Relation:What is a relation anyway?

Short story: A relation is a set of tuples that share the same properties. Each tuple is unique.

Short image:

title genre admissions
Heidi FIC 558'837
Schellen-Ursli FIC 456'434
Die göttliche Ordnung FIC 357'413
Wolkenbruch FIC 312'816
More Than Honey DOC 256'195
Der Verdingbub FIC 250'196
Zwingli FIC 248'923
Platzspitzbaby FIC 207'885
Ma vie de Courgette ANI 179'328
Bruno Manser FIC 178'005

A relation can be represented in a tabular form.

Each row is a tuple. Each column is a property.

Each property represents a domain. Titles are text, genre one of FIC, DOC, ANI, admission numbers.

With the Relation language, we keep it simple: All values are of the domain text of any length.
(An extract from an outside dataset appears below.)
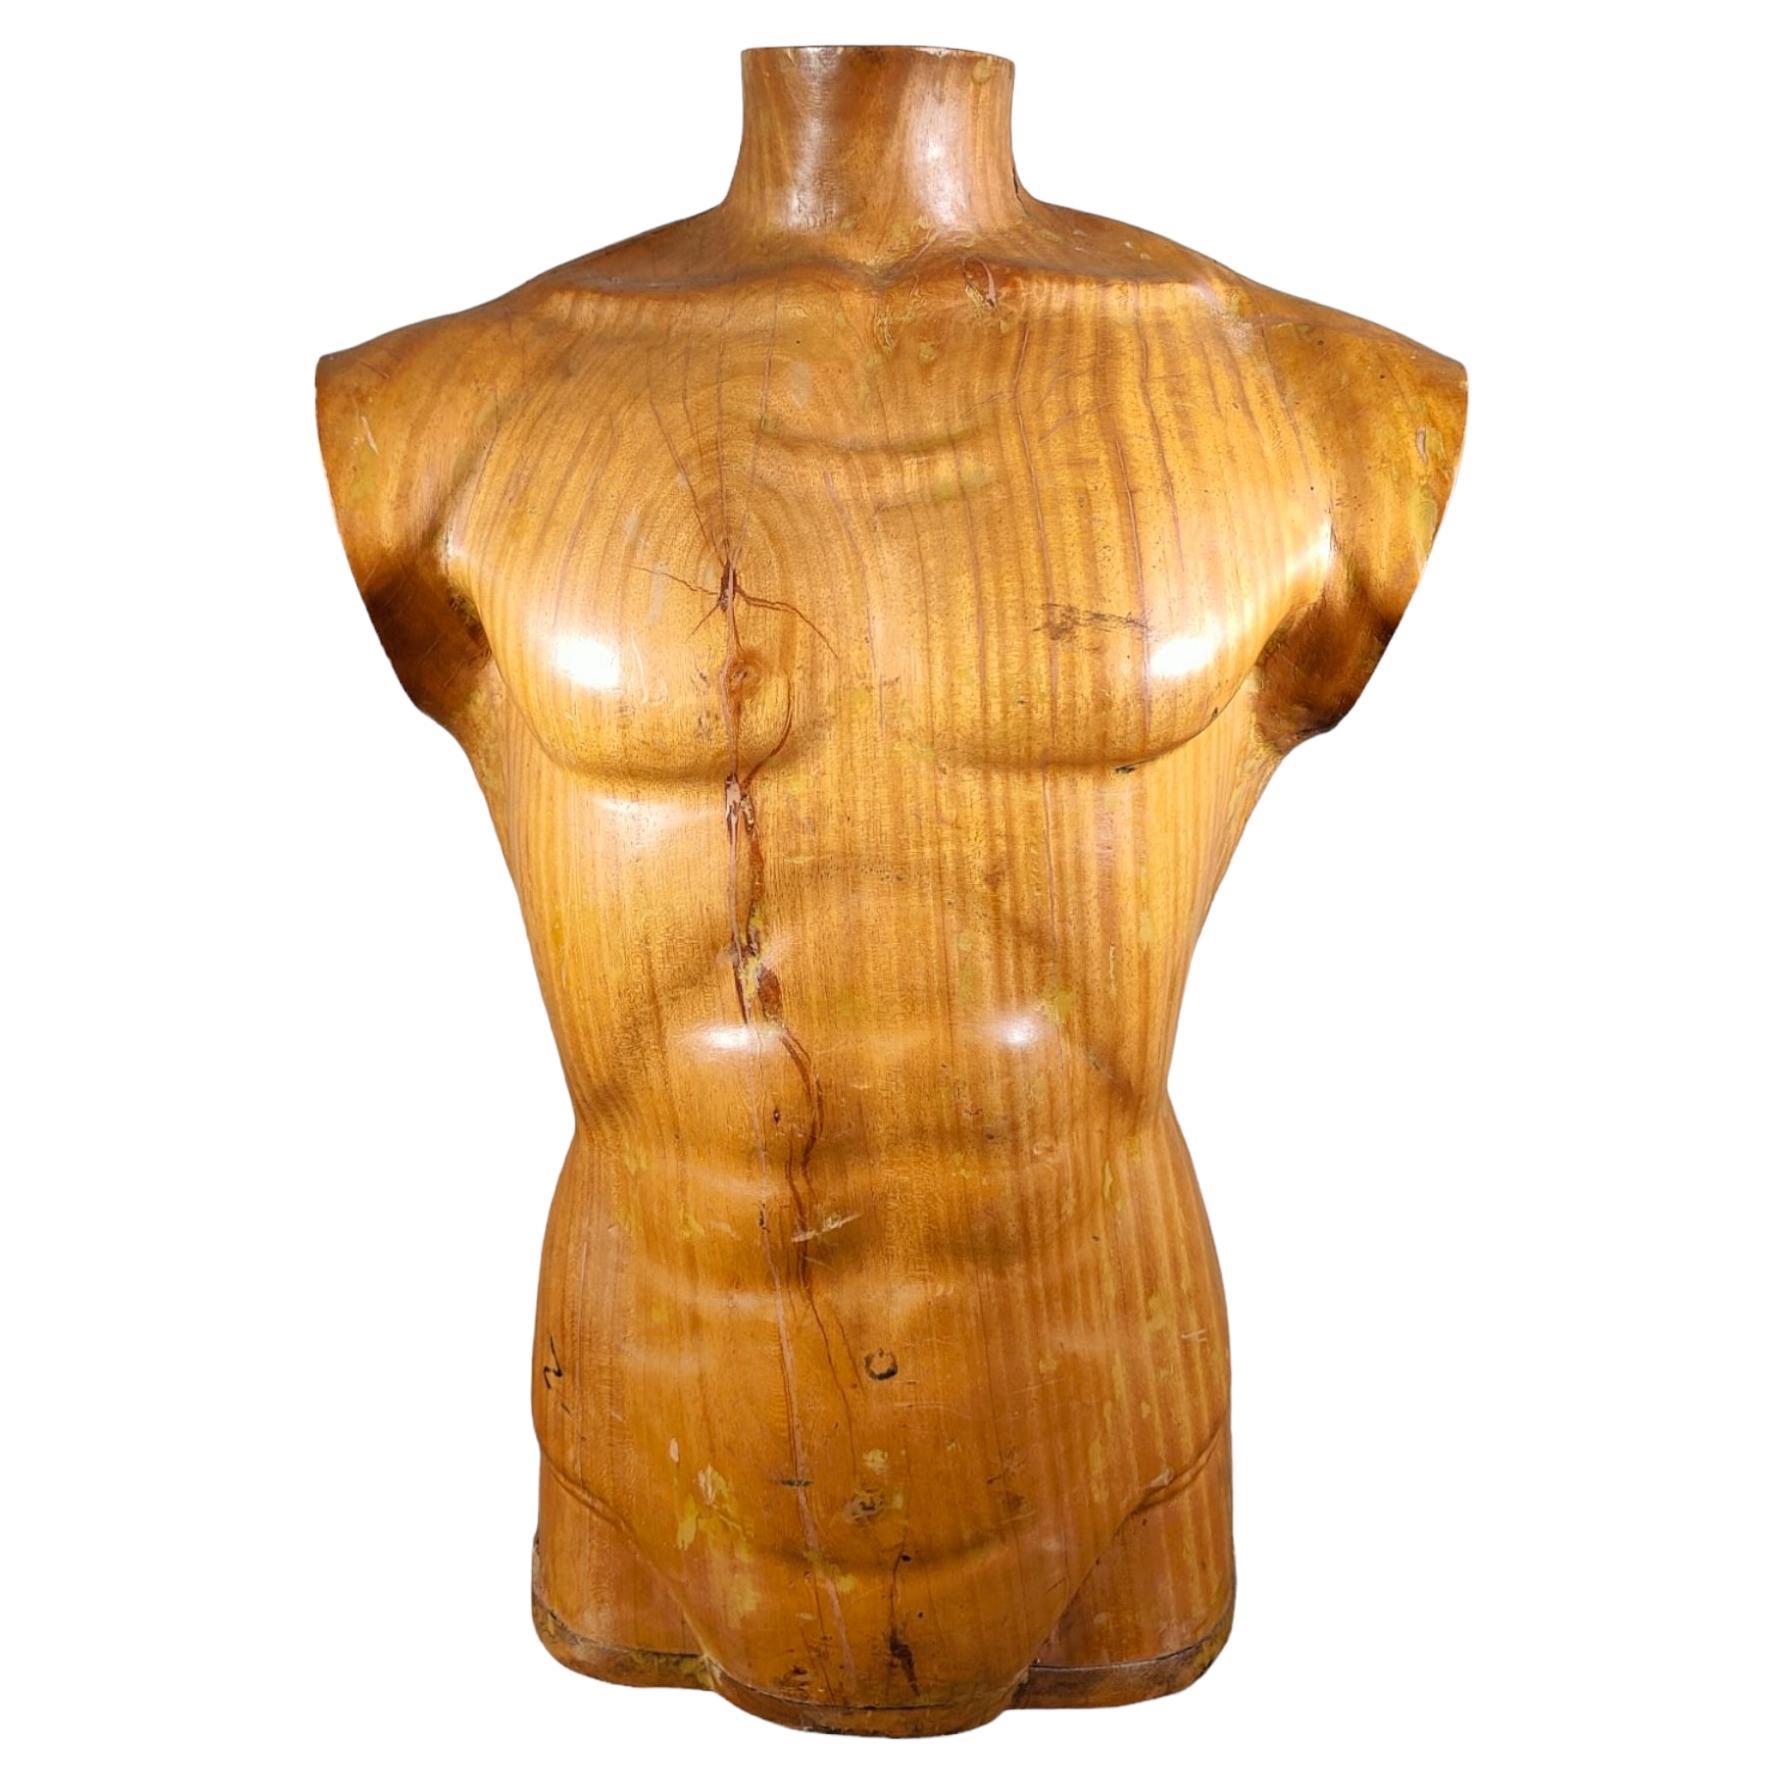 Elegant 1950s French Wooden Male Torso: Sculpted Solid Wood Craftsmanship For Sale

However, they can behave like numbers if the context needs it.

Having this relation, we can now start questions.

What is total number of admissions?

admissions_sum
3'006'032

What is the share of admissions by genre?

genre share
FIC 86%
DOC 9%
ANI 6%

Now let's have another relation.

title distributor
Bruno Manser Elite
Der Verdingbub Elite
Die göttliche Ordnung Filmcoopi
Heidi Disney
Ma vie de Courgette Praesens
More Than Honey Frenetic
Platzspitzbaby Elite
Schellen-Ursli Frenetic
Wolkenbruch DCM Film
Zwingli Elite

We can now ask questions on both relations, based on their common poperty title.

How many films and admissions got each distributor?

distributor title_count admissions_sum
Elite 4 885'009
Frenetic 2 712'629
Disney 1 558'837
Filmcoopi 1 357'413
DCM Film 1 312'816
Praesens 1 179'328

This is more or less all we do with relations. We filter, combine, aggregate to get consise information.

What you read here, is itself the output of a Relation document. You program and you comment. And once you have done it, you could reuse the code with other data.